Before Christmas, I was filled with energy. I had so many new project ideas, I’d planted the seeds of, that I did not know where I would find the time to grow them.
I feel as though I am following some internal season. At the winter solstice, I went to Avebury stone circle and did some energy work there. We did Christmas, quietly (I am still looking after my elderly father and he does not ‘do’ Christmas). I did manage to get some hours in with three of my daughters and their daughters, so it felt a little like Christmas, at least until I got to my father’s home where it then felt like a normal day.
The New Year passed much the same. Uneventfully. I even managed to sleep through the fireworks, only occassionally jolting awake to particularly loud bangs and immediately feeling sad for those who hear the same bangs and know people have died.
Now, on the seventh of January, I’m feeling flat and uninspired. Have been for weeks. I keep myself going, knitting socks like they are going out of fashion and rewatching the Handmaid’s Tale. It’s all I feel the desire to do. It’s as if the seeds I planted before Christmas need to germinate in the quiet, darkness of the soil. I know that eventually they will break through the frosty top layer and their green tips will awaken my motivation again. But for now, all I want to do is knit and watch movies.
Even though, I know this time is necessary and that things will change, I always find it difficult to accept. I want to be able to think, to write, to force the seeds to grow. There is so much I want to write, but the flow is halted, like some internal sluice-gate has been closed. In the meantime, I try to find ways to be creative without forcing anything. I know when the time is right that things will change and I will be up and running again.
I have been doing much personal healing, which I’m sure is part of the process - I’ve been doing this long enough to know - letting go of old martyrdom issues and food related struggles. I have achieved some of that. I’ve finally managed to kick my caffeine addiction. In the past, when I tried to give up caffeine, I was so sick that I gave up giving up. Two days of migraine and throwing up was too hard. This time, however, I did not go cold turkey. I reduced my consumption gradually, over a month, by one cup a week, until I could manage without it. Perhaps that is also contributing to my lack of energy. My body is adjusting to its own natural rhythms.
I spend each morning rereading the Seth Books (Jane Roberts). Plus books by Jane herself, and one of her students, Sue Watkins. I have been reading the Seth books since my thirties, I am now sixty two, but went for many years not reading them. I did dip in and out but found it energetically hard work. In rereading them, I have to think very carefully about the material because in the past I simply ‘read’ them. It was always an interesting experience, because the act of reading opened my consciousness and things ‘happened’. Now, it feels different. It’s like having my consciousness in space and learning to hold onto the information, learning how to apply the principles in my physical reality. It makes for a very slow read.
There are exercises in the books too, which I am trying, whilst also exploring exercises my own guides have given me. These have to be done every morning and take twenty minutes or so. I write everything down so I can pass them on to others later, once I see and understand how they work.
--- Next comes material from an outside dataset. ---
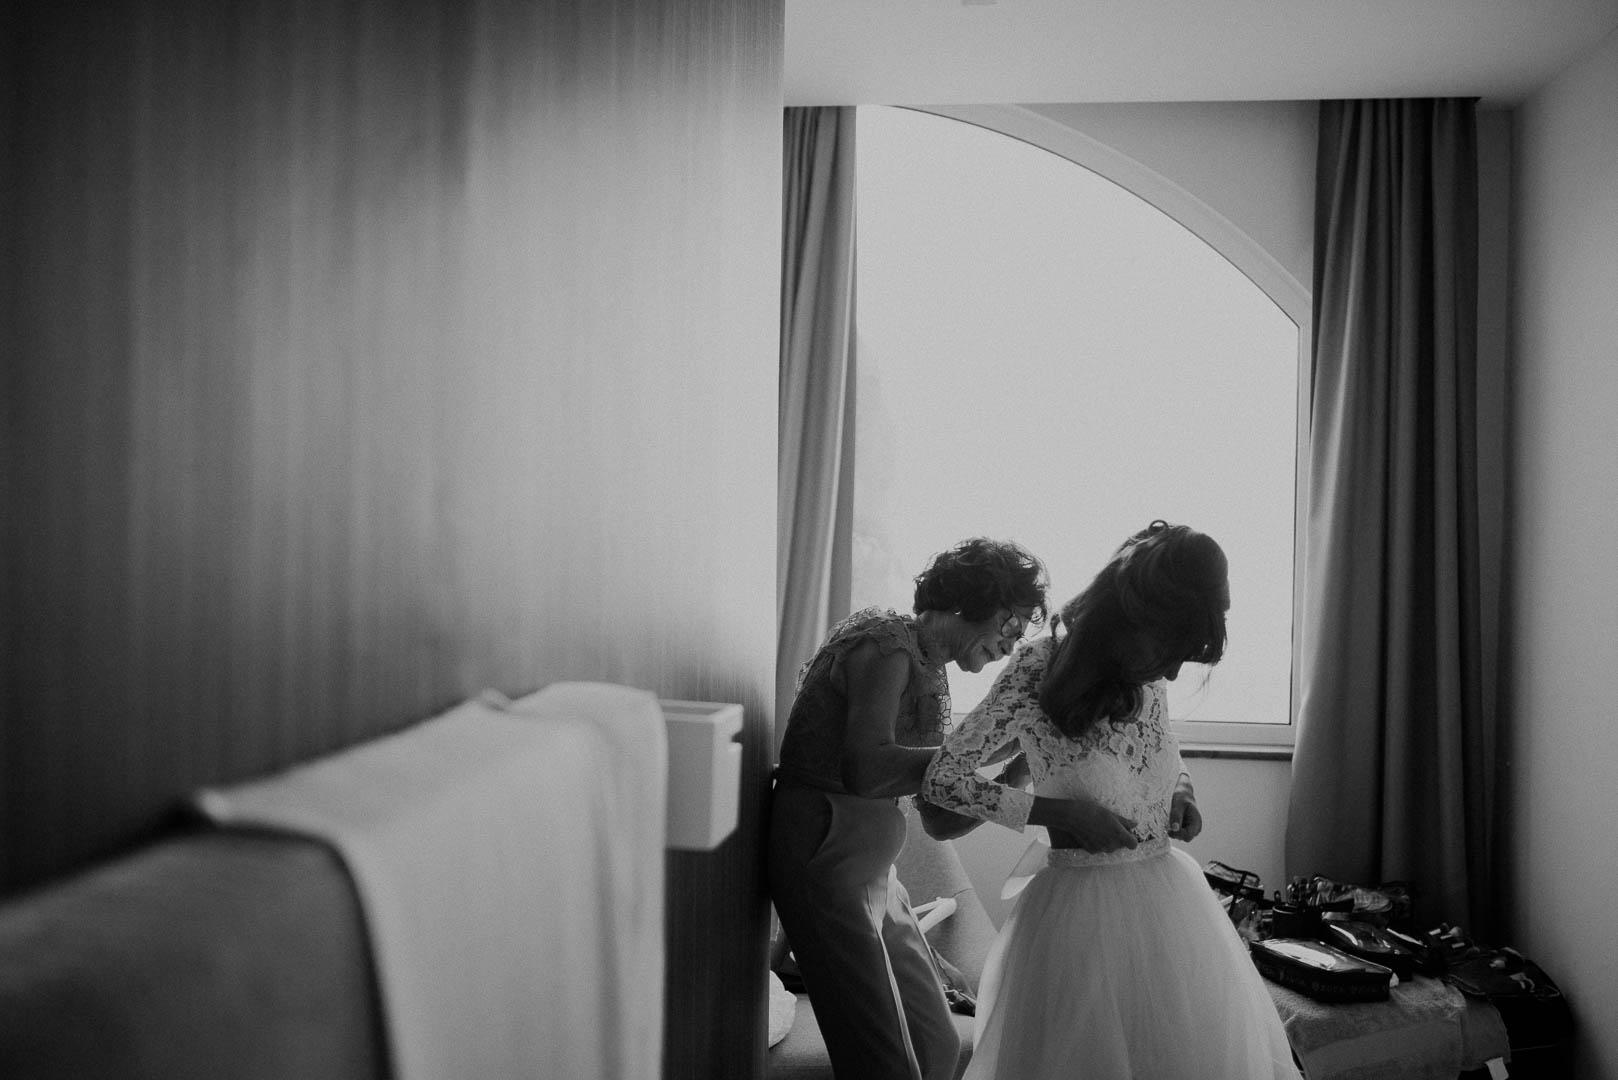 wedding-photographer-destination-fineart-bespoke-reportage-napoli-nabilah-vivianeizzo-spazio46-44

Seth’s exercies have a more immediate effect than my own so they have different outcomes.
I’m not wasting time by not writing. I’m still doing something, just not what I want to be doing. When Spring comes, I know my seeds will have begun to sprout and my chosen flowers will grow visibly. I just have to remind myself that this is nature’s way of planting and I must be patient. It could be a lot worse. I could be waiting for the next missile to hit my home, my school, my hospital. I am grateful that all I have to do is wait. But I send my thoughts to those who do not have the luxury of waiting for something good to happen.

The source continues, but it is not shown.